Признаюсь Вам, что в школьные годы меня увлекала зоология, да и нынче я готов часами с неослабевающим интересом наблюдать за жизнью всевозможных низших организмов, пытаться разгадать закономерности поведения в их на первый взгляд хаотических и бессмысленных действиях. Видимо, это же свойство моей натуры побудило меня засесть за данное письмо, которое, конечно же, никогда не будет отправлено и которое потому точнее назвать исследованием. Эпистолярная форма здесь служит исключительно для моего
15
удобства.
Интересы исследования требуют особо выделить повторяемые Вами с поистине животным упорством призывы к "беспощадному сокращению" моих произведений, подкрепляемые столь же блистательным, сколь и лживым афоризмом "Чувства многословны, разум краток". Если бы Вы собрались как-нибудь почитать восточную поэзию, то, возможно, поняли бы, что чувства далеко не всегда многословны, а если бы не отлынивали от занятий философией в институте, то знали бы, что разум далеко не всегда краток. Те же занятия осведомили бы Вас и о другом общеизвестном факте: поэзия вовсе не служит рупором разума, поскольку является продуктом не рационального, а интуитивного познания, и обращается она также не к разуму, а к интуиции. Посему те требования, которые можно предъявлять к разуму, нельзя впрямую адресовать к поэзии. Итак, замечания, порожденные тягой к "беспощадному сокращению", Вы рассыпаете по тексту щедро и бездумно, как курица помет. Должен заметить: в своем маниакальном стремлении к усечению чужих трудов вы не оригинальныыы, как и во многом другом (но об этом ниже). Что же призывают нас сокращать критики? Почти исключительно то, что на их (и Вашем) профессиональном жаргоне изящно именуется "описательством",- то есть образы, то есть живую плоть всякого искусства. В искусстве всякая идея, всякое познание вырастает только из образного материала, и кто этого не понял, тот никогда не станет творцом, хотя и легко, как видно, может сделаться критиком.
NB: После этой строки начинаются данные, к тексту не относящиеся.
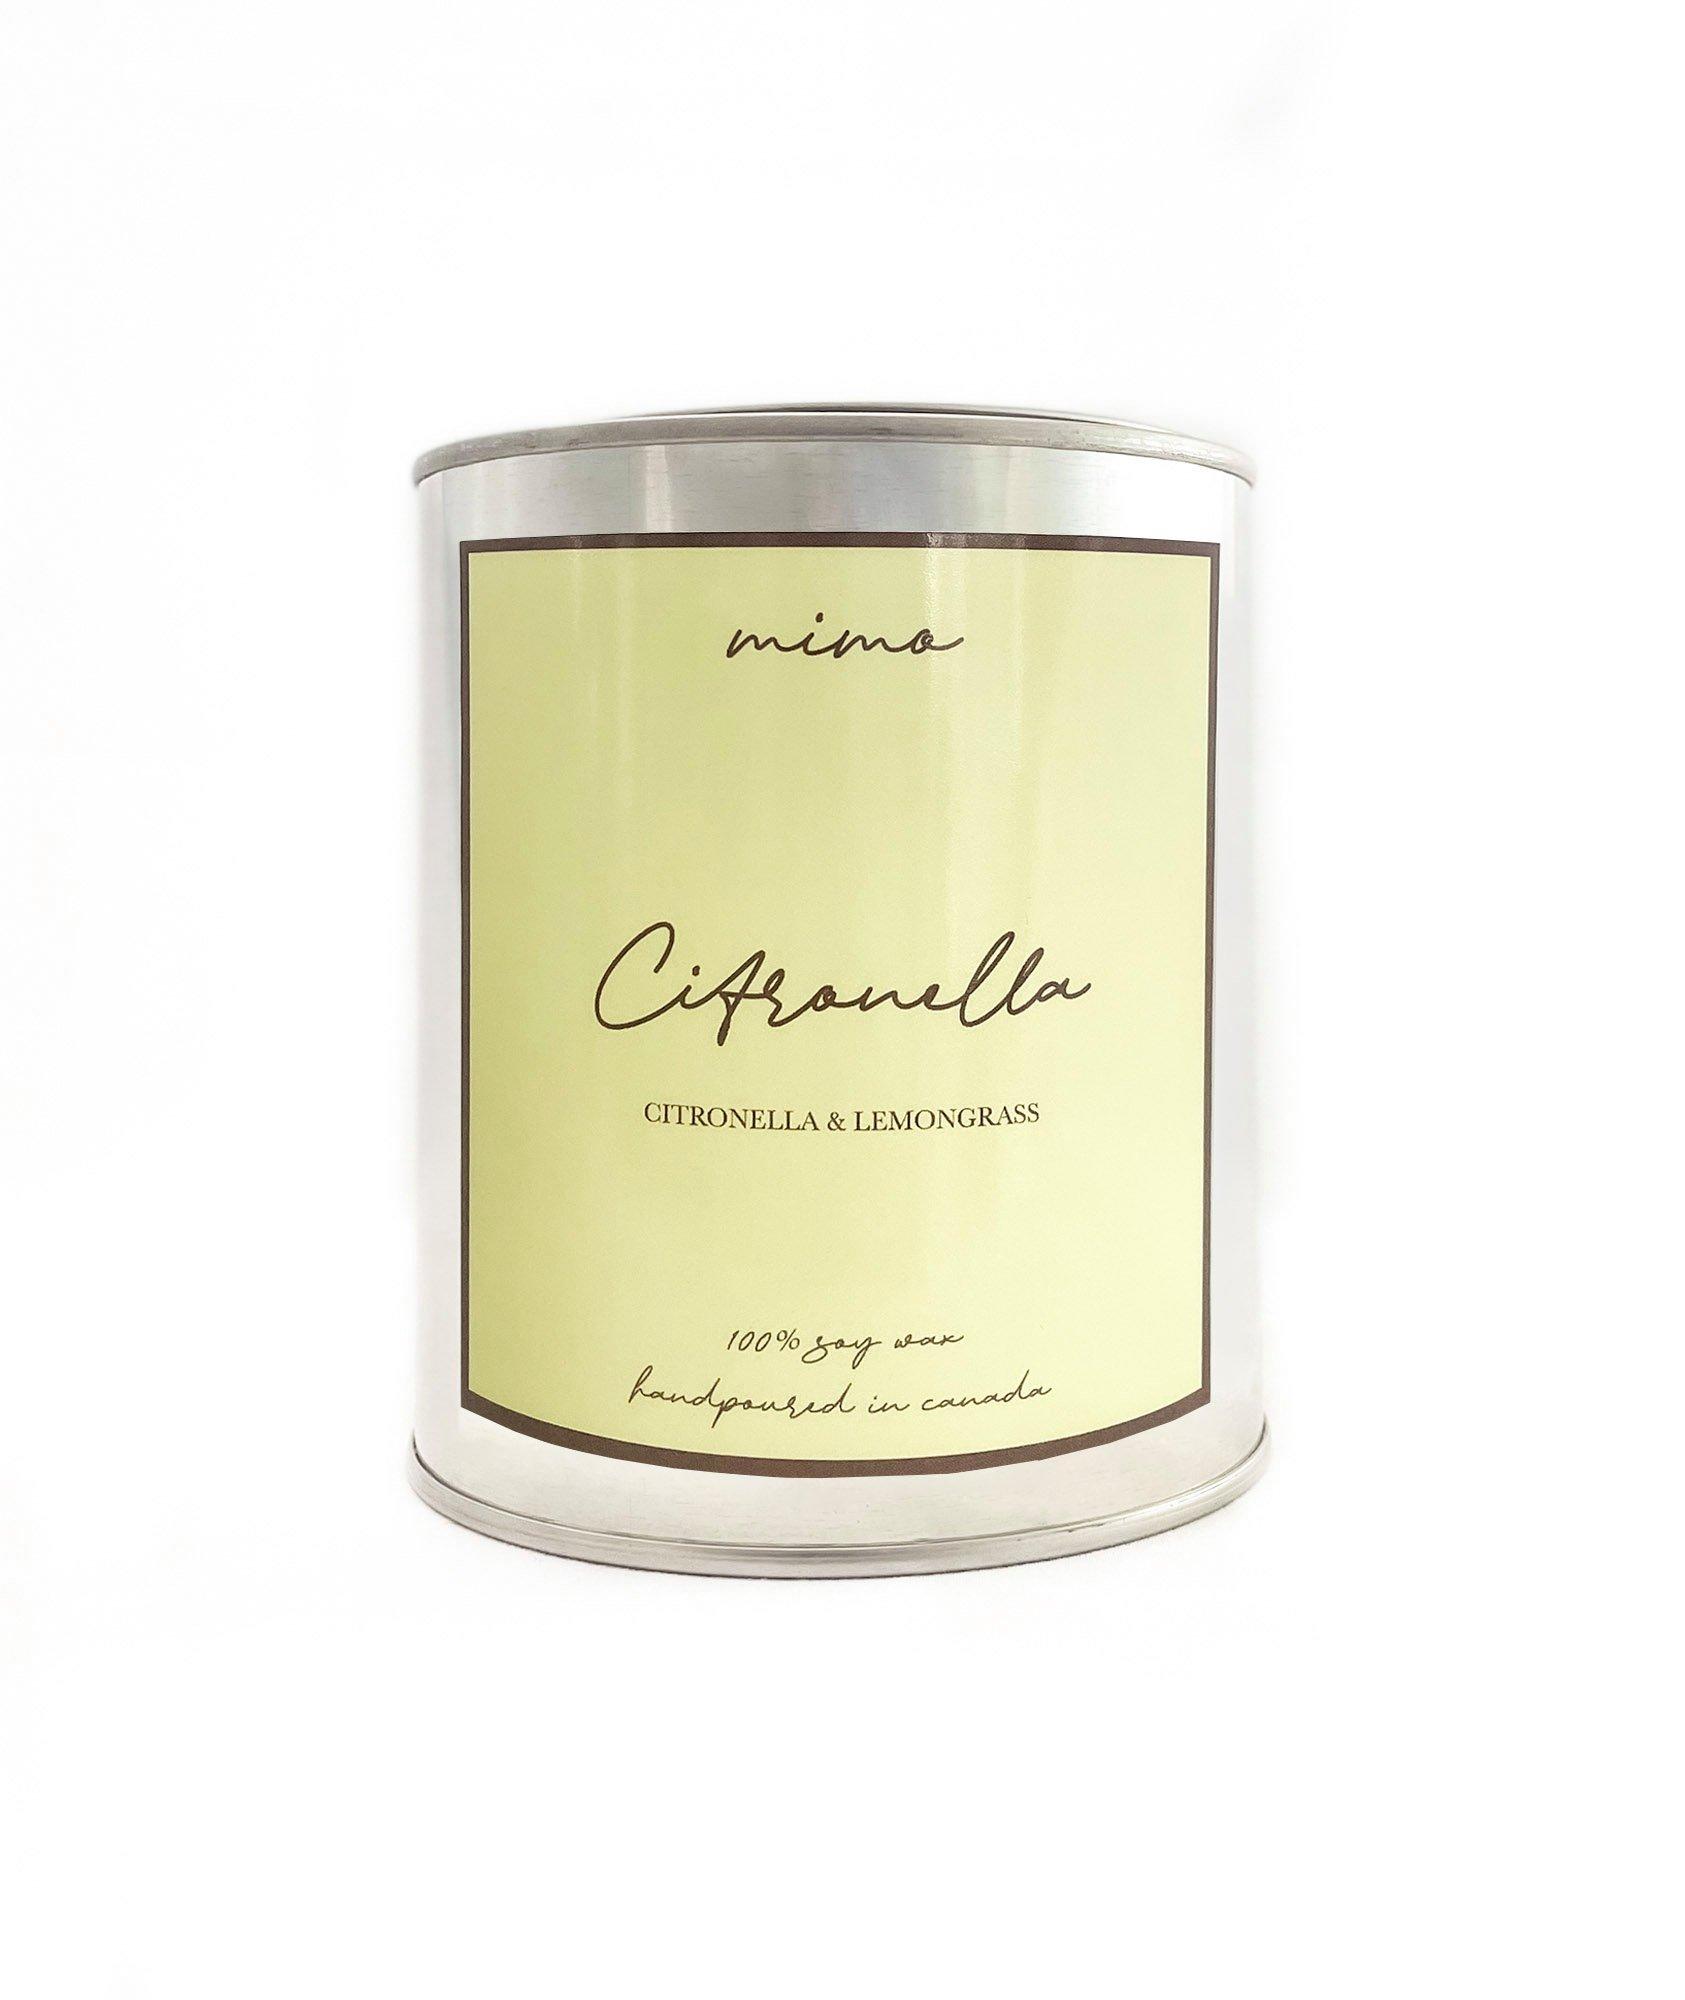 Citronella Lemongrass Bug Repellent Scented Candle image 0

Тяготея к безобразности в искусстве, Вы тем самым присоединяетесь к той массе литературных импотентов, для которых неспособность освоить в образах окружающие предметы является обычным отличительным признаком наподобие маленькой головы и высунутого толстого языка для страдающих болезнью Дауна.
Кажется, мы приблизились к разгадке, дорогой Феликс. Желание присоединиться к большинству, столь властное для заурядных натур,- вот в чем Ваша беда, тем более прискорбная, чем менее Вы способны ее осознать. В данном случае большинство, к сожалению, вовсе не является носителем
16
истины, а лишь представляет собой обширную группу лиц, удовлетворяющих неким внешним по отношению к литературе требованиям, совершенно неприемлемым для подлинного Художника и Человека. Что самое печальное, эти же, в сущности, требования Вы уже и сами предъявляете к другим, в частности, ко мне. Таким образом, Вы являетесь исправно действующей частью определенной системы, и данного факта не опровергнет Ваш несколько истеричный, но вполне безобидный нонконформизм.
Чтобы не быть голословным, приведу некоторые выдержки из Ваших посланий. Вы пишете:"Наш разговор вряд ли состоится, если мы с Вами не договоримся о главном - о Вашем мировоззрении, о Вашей авторской позиции. Дело в том, что хорошо пишет не тот, кто хорошо пишет, а тот, кто хорошо думает. Думаете же Вы скверно (для поэзии), порой даже чересчур скверно". И далее Вы обвиняете меня в творческой неполноценности на том основании, что "гением добра" я быть не могу из-за моего беспросветно мрачного взгляда на жизнь, а "гением зла" - из-за того, что основания для такого взгляда нахожу в обыденной жизни, не поднимаясь до демонических высот.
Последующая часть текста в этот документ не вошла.